The correction occurs by using the cumulative distribution function for the normal distribution. Given a Pareto matching algorithm resulting set of weights, the weights are shifted (inversely) as:

$${w}_{1}=a{\hat{w}}_{1}$$
(14)
$${\hat{w}}_{1}={\bar{w}}_{1}[1-F({X}_{1}={x}_{1})]$$
(15)
$${w}_{j\ne 1}={w}_{j\ne 1}F({X}_{j\ne 1}={x}_{j\ne 1})$$
(16)
$$a\sum _{i}\,{w}_{i}=1$$
(17)

where w1 is the new, shifted weight, \({\hat{w}}_{1}\,\,\)is the non-normalized and shifted weight, and \({\bar{w}}_{1}\) is the Pareto matched weight. X is the variable and x is the cell’s quantity. Meaning, in each case, that as the objective increases, it responds by producing the corresponding objective: as biomass increases, it expends more resources on biomass.

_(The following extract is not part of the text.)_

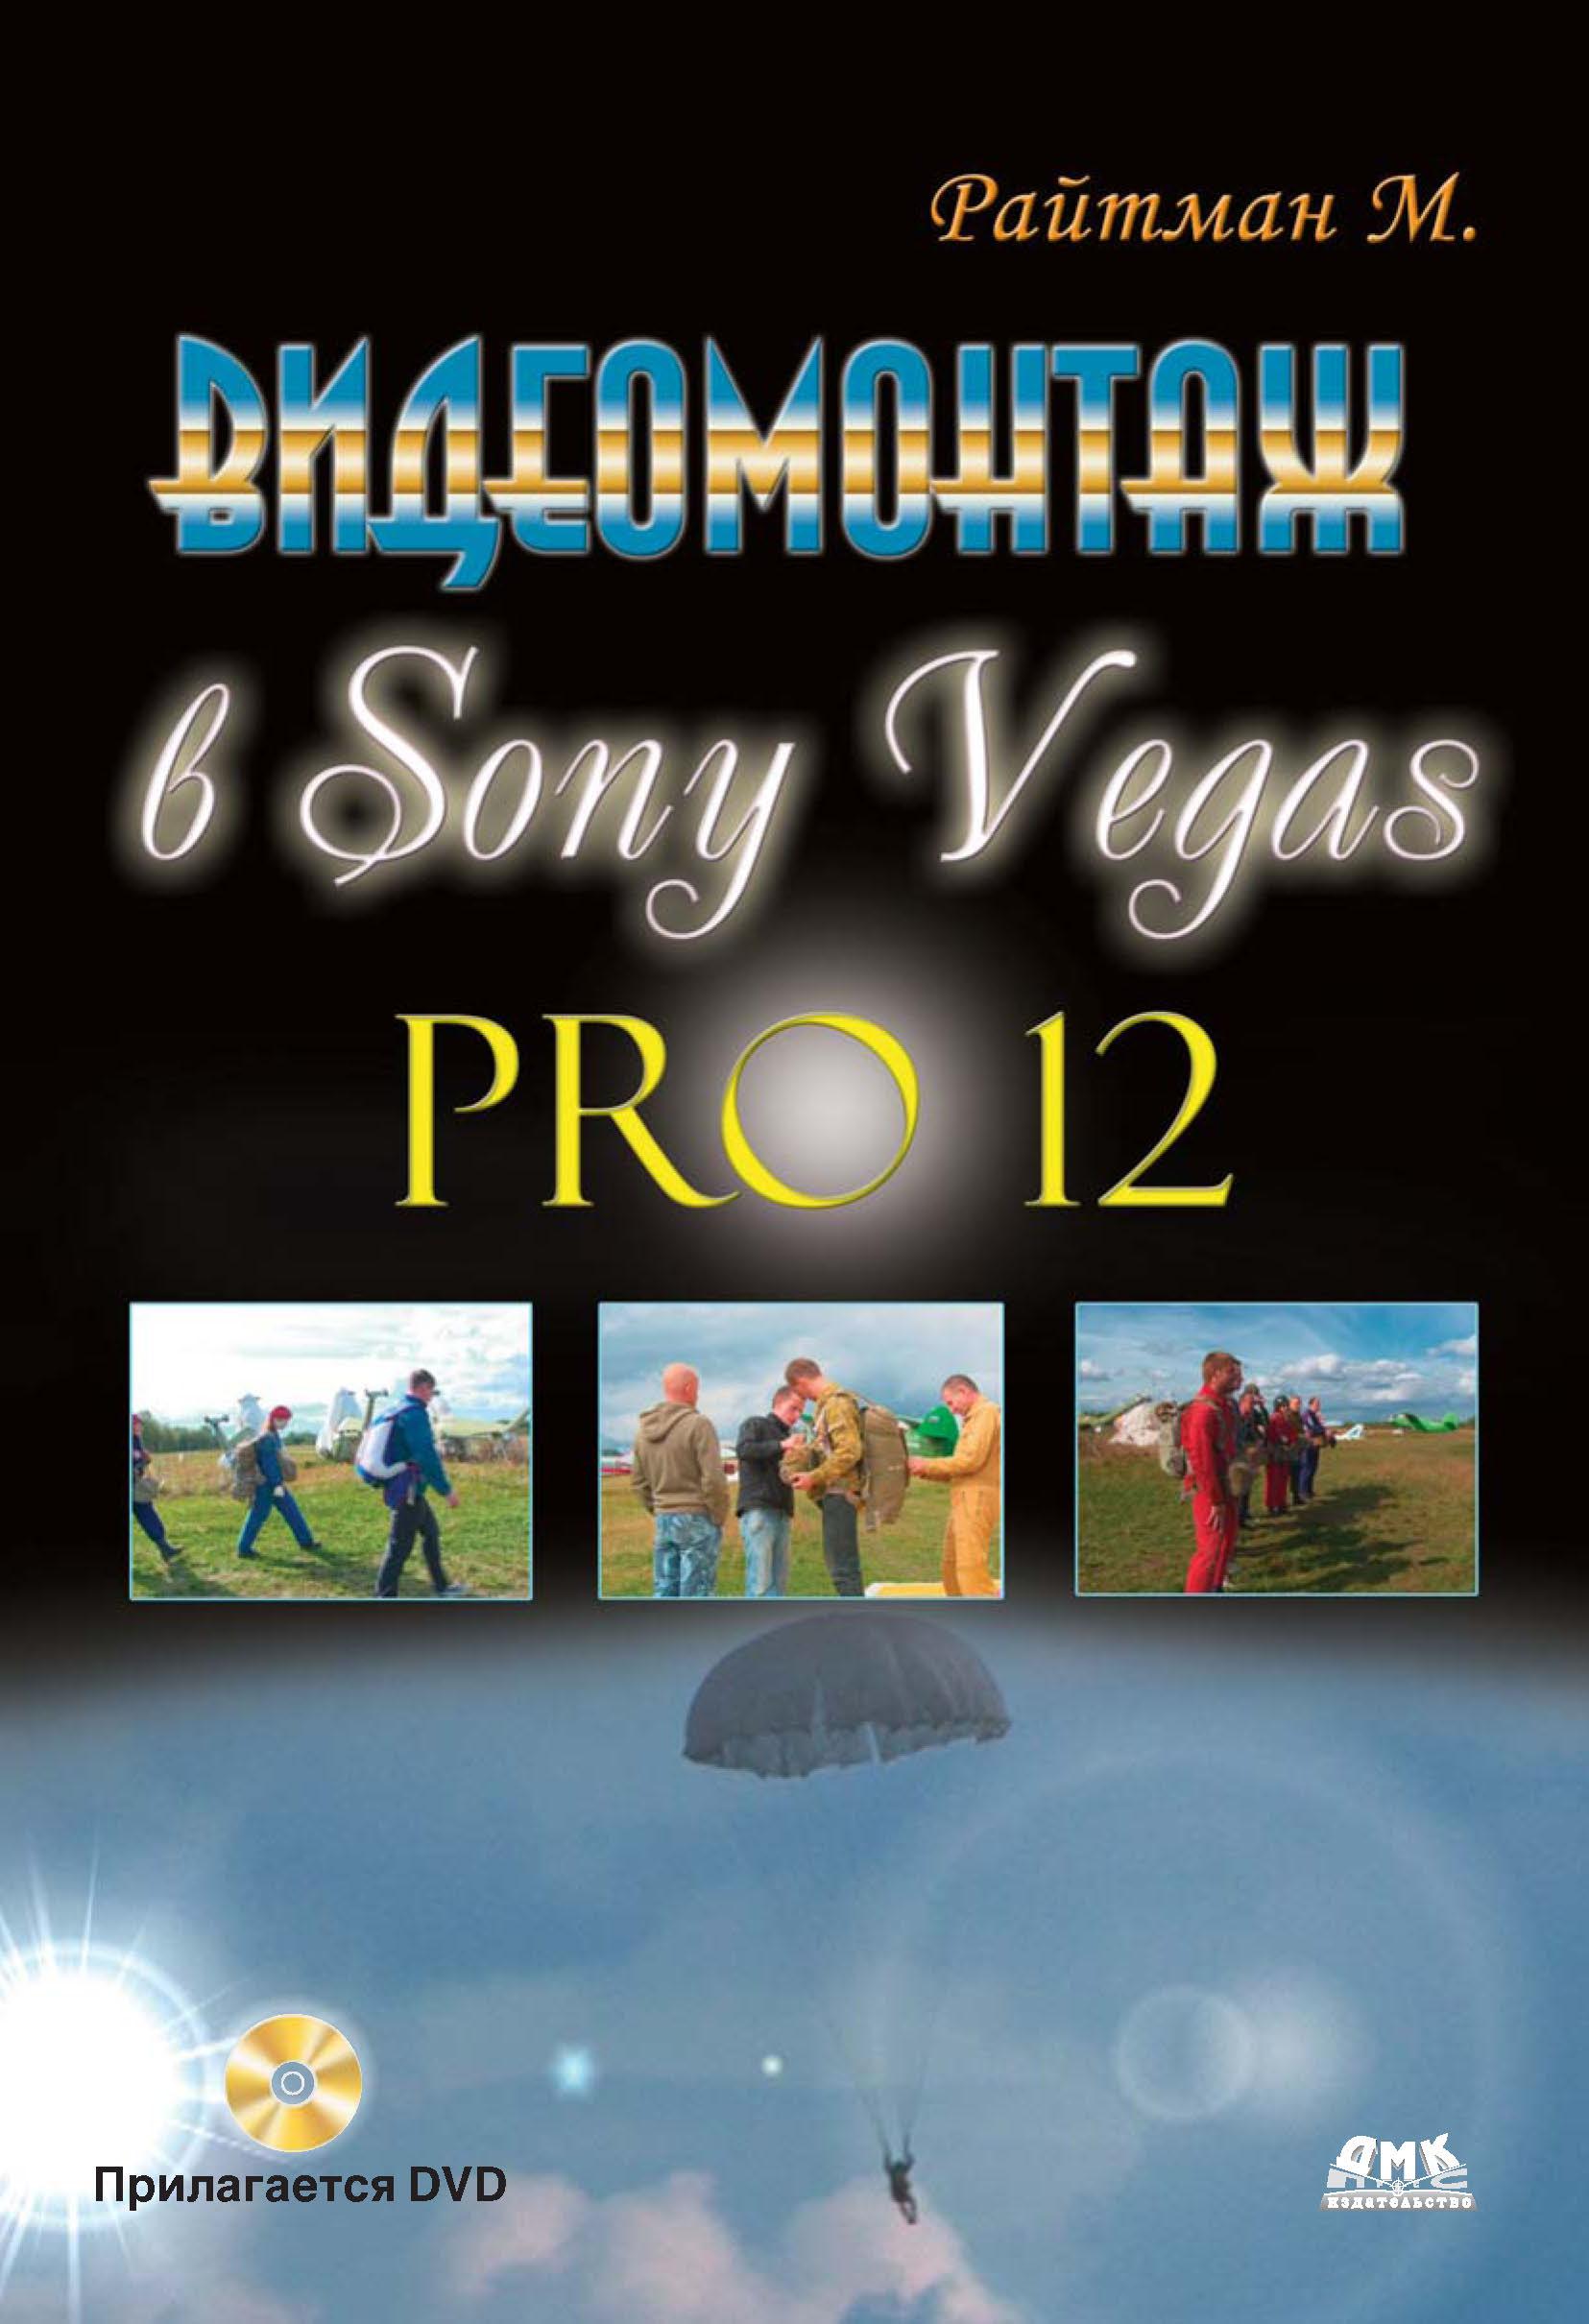 Видеомонтаж в Sony Vegas Pro 12

Implementation of mutable objective functions

Previous studies have used static objective functions, where production is consistent during every phase of growth. However, organisms accumulate and digest metabolites during growth and development. To reflect this, we inserted a “mutable” objective function where relative preferences of storage compounds and biomass production can be tailored by the agent based on cell biomass. The scalarized objective equation was thus broken into two main components: storage compounds (cyanophycin modeled as β-aspartyl arginine and glycogen modeled as maltose) and biomass (lipids, proteins, DNA, RNA, chlorophyll, phycoerythrin, etc.). We assumed that biomass remained relatively stable throughout the day while the amount of storage compound was allowed to vary. The scalar weights, or production priorities, were manipulated assuming cells do not grow beyond twice their average cell without dividing: lower biomass prioritizes growth and higher biomass prioritizes vegetative storage compound production. Mathematically, this is modeled such that the scalar objective equation’s biomass coefficient was inversely adjusted by cumulative probability of a cell’s biomass in the distribution. The normal distribution was formulated assuming cubic 10 μm cells with density of water81 as the average mass and a narrow distribution with a standard deviation of 0.433 times the mean size. This value was chosen to promote switch-like bistable behavior between cell phenotypes: either cells are biomass driven (exponential) or they are metabolite driven with combinations of probabilities in between. This is because a single sample of a cell from a distribution of cells would have a probability of 99% to fall between 0 and twice the mean size. The final distribution is:

$$f(X) \sim N(1.029\,ng,\,0.433\,\cdot \,1.029\,ng)$$
(18)

Calculation of new objective coefficients was done by first finding the cumulative probability (z) of another randomly selected cell’s non-metabolite biomass being less than or equal to the objective cell’s biomass at each time point for each cell:

$$z=F(X\le {x}_{i})$$
(19)

This is used to adjust the average, experimentally matched objective coefficient (\({\bar{w}}_{b}\)) for biomass by multiplying that coefficient by the probability of the cell being larger than that size, a value that represents the probabilistic expansion space (\({\epsilon }\)) of the cell:

$$\epsilon =1-z$$
(20)
$${\hat{w}}_{b}=\epsilon \,\cdot \,{\bar{w}}_{b}$$
(21)

Major metabolite coefficients for the scalarized objective equation were also adjusted using this probability, increasing as the cell’s size increased:

$${\hat{w}}_{m}=z\cdot {\bar{w}}_{m}$$
(22)

Finally, the coefficients are normalized such that:

$$a\sum _{i}\,{\hat{w}}_{i}=1$$
(23)

Or:

$$a=\frac{1}{{\sum }_{i}\,{\hat{w}}_{i}}$$
(24)

Which yields final objective coefficients of:

$${w}_{k}=\frac{{\hat{w}}_{k}}{{\sum }_{i}\,{\hat{w}}_{i}}\,\forall \,k\in {\mathscr{O}}$$
(25)

where \({\mathscr{O}}\) is the set of all objective metabolites in the original scalar equation.

Performance evaluation of the mutable objective function, validation of O the mutable objective function versus the static version, and justification of non-metabolite biomass as the independent objective are provided in SI Methods and Fig. S10.